• Task goal: Copy the data exactly. Images are to be left out.

• Supplied records:
******
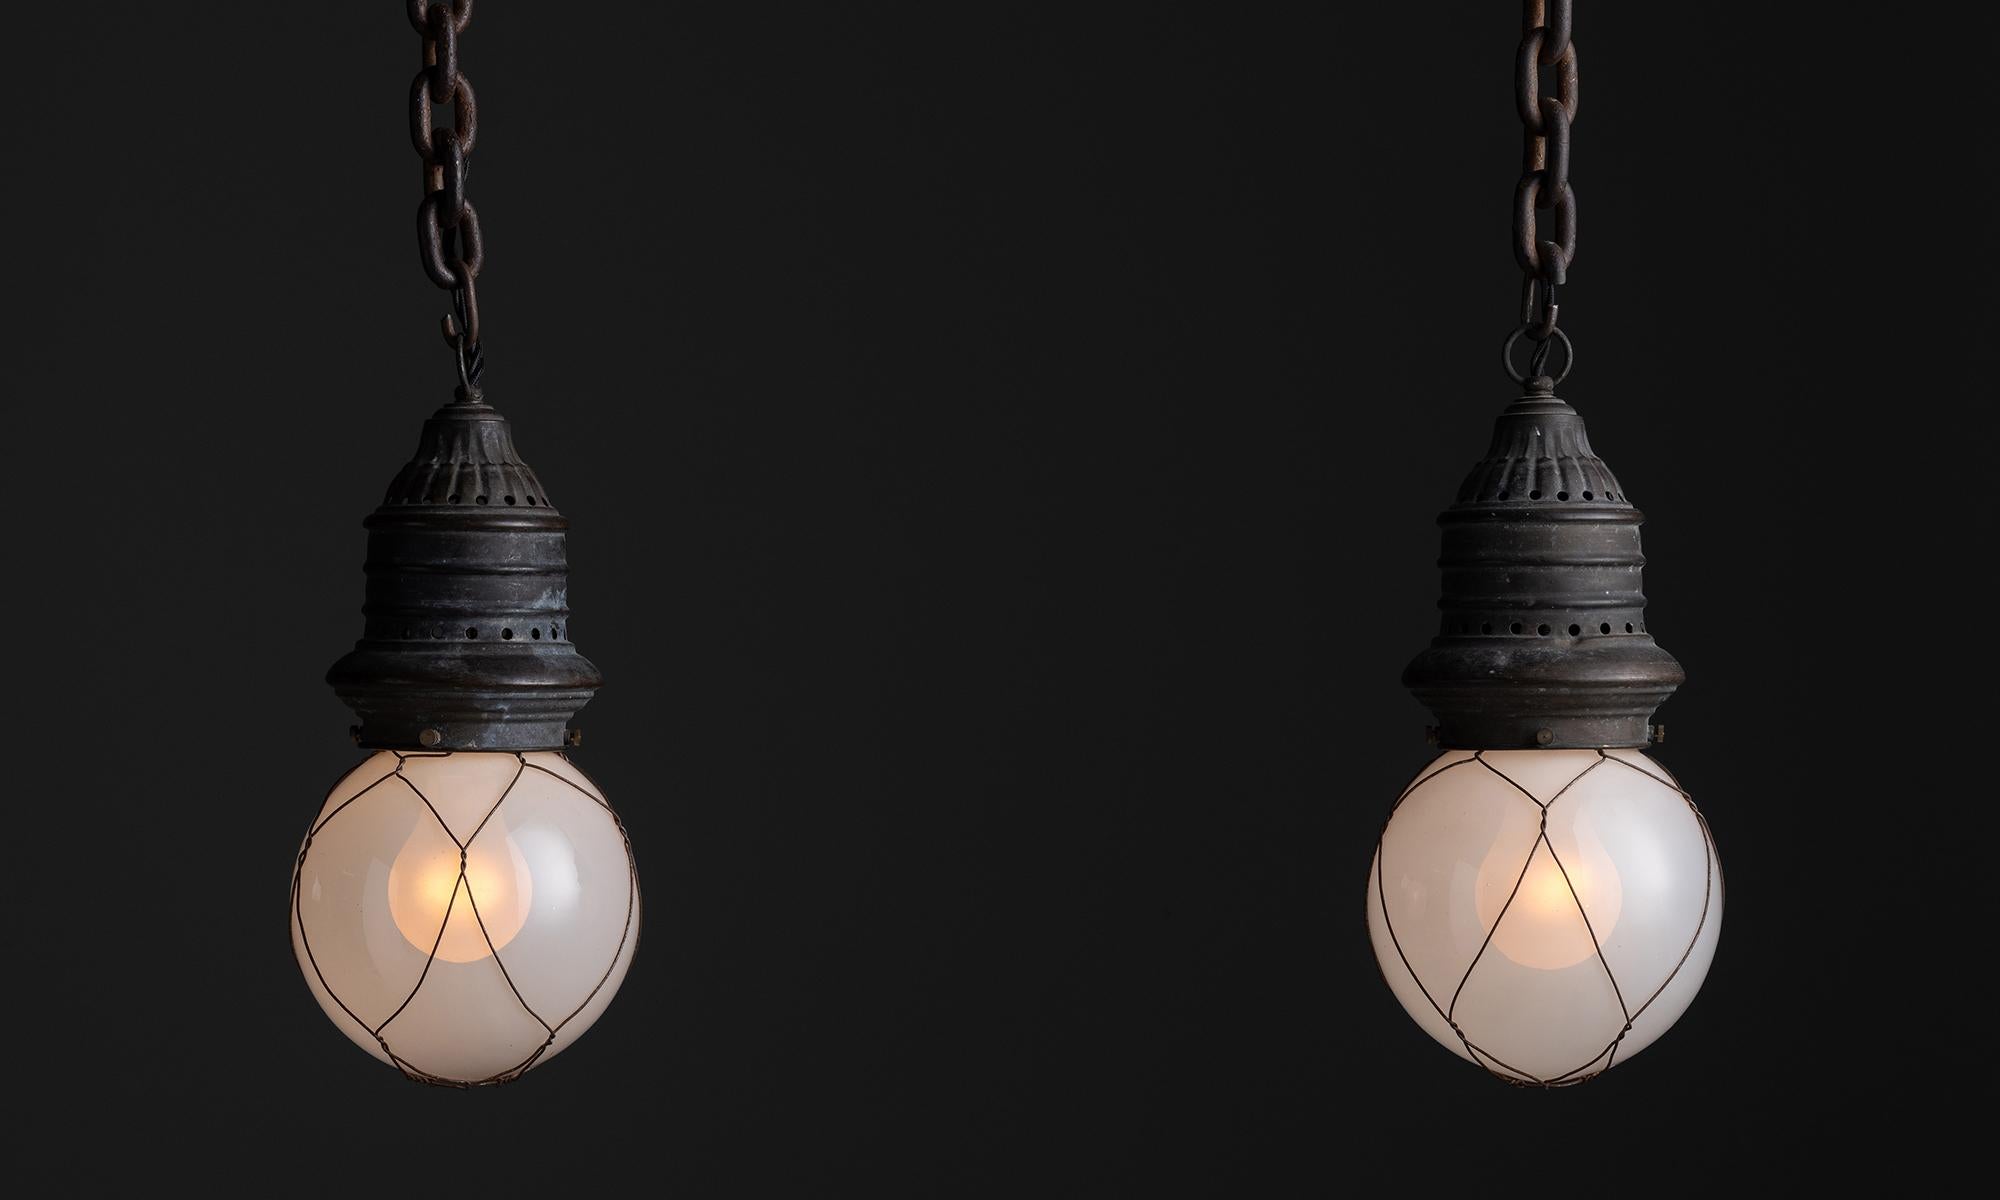 *Please note the price is per unit*

Opaline Globe Caged Pendants, Netherlands, circa 1930

Diminutive industrial pendant with opaline glass globes.

Measures 6”dia x 12”h

*Not UL Listed*
******
• Exercise result:
 *Please note the price is per unit*

Opaline Globe Caged Pendants, Netherlands, circa 1930

Diminutive industrial pendant with opaline glass globes.

Measures 6”dia x 12”h

*Not UL Listed*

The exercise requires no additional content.